Exercise brief: Please copy every line from the following entries in which the word "wurde" appears.

Data provided:
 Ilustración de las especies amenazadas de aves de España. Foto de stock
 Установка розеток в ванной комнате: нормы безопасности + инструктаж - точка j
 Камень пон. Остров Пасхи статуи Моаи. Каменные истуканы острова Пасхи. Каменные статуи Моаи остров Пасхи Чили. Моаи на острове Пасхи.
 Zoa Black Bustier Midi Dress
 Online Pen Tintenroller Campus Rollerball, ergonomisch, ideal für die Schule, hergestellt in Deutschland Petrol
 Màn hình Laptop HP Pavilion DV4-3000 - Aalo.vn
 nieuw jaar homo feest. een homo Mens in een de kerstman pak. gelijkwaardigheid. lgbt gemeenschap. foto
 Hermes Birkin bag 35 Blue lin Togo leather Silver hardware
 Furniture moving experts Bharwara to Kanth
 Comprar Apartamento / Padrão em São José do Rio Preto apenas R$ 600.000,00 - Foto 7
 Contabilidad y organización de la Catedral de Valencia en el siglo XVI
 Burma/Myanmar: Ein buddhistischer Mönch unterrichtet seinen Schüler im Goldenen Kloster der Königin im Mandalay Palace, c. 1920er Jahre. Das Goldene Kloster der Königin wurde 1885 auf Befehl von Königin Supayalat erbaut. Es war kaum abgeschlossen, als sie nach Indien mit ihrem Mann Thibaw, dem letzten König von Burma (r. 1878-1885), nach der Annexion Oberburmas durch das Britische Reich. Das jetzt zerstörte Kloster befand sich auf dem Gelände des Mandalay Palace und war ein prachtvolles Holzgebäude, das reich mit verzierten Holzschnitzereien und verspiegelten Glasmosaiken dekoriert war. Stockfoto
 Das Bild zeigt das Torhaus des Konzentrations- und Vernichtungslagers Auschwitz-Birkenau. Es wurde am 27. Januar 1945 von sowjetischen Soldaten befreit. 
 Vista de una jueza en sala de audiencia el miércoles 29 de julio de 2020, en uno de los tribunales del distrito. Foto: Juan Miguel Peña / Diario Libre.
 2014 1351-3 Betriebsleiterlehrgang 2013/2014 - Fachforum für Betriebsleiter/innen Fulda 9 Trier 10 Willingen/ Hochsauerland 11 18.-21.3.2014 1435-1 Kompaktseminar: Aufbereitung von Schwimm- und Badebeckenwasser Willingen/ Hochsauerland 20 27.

Exercise solution:
 Burma/Myanmar: Ein buddhistischer Mönch unterrichtet seinen Schüler im Goldenen Kloster der Königin im Mandalay Palace, c. 1920er Jahre. Das Goldene Kloster der Königin wurde 1885 auf Befehl von Königin Supayalat erbaut. Es war kaum abgeschlossen, als sie nach Indien mit ihrem Mann Thibaw, dem letzten König von Burma (r. 1878-1885), nach der Annexion Oberburmas durch das Britische Reich. Das jetzt zerstörte Kloster befand sich auf dem Gelände des Mandalay Palace und war ein prachtvolles Holzgebäude, das reich mit verzierten Holzschnitzereien und verspiegelten Glasmosaiken dekoriert war. Stockfoto
 Das Bild zeigt das Torhaus des Konzentrations- und Vernichtungslagers Auschwitz-Birkenau. Es wurde am 27. Januar 1945 von sowjetischen Soldaten befreit. 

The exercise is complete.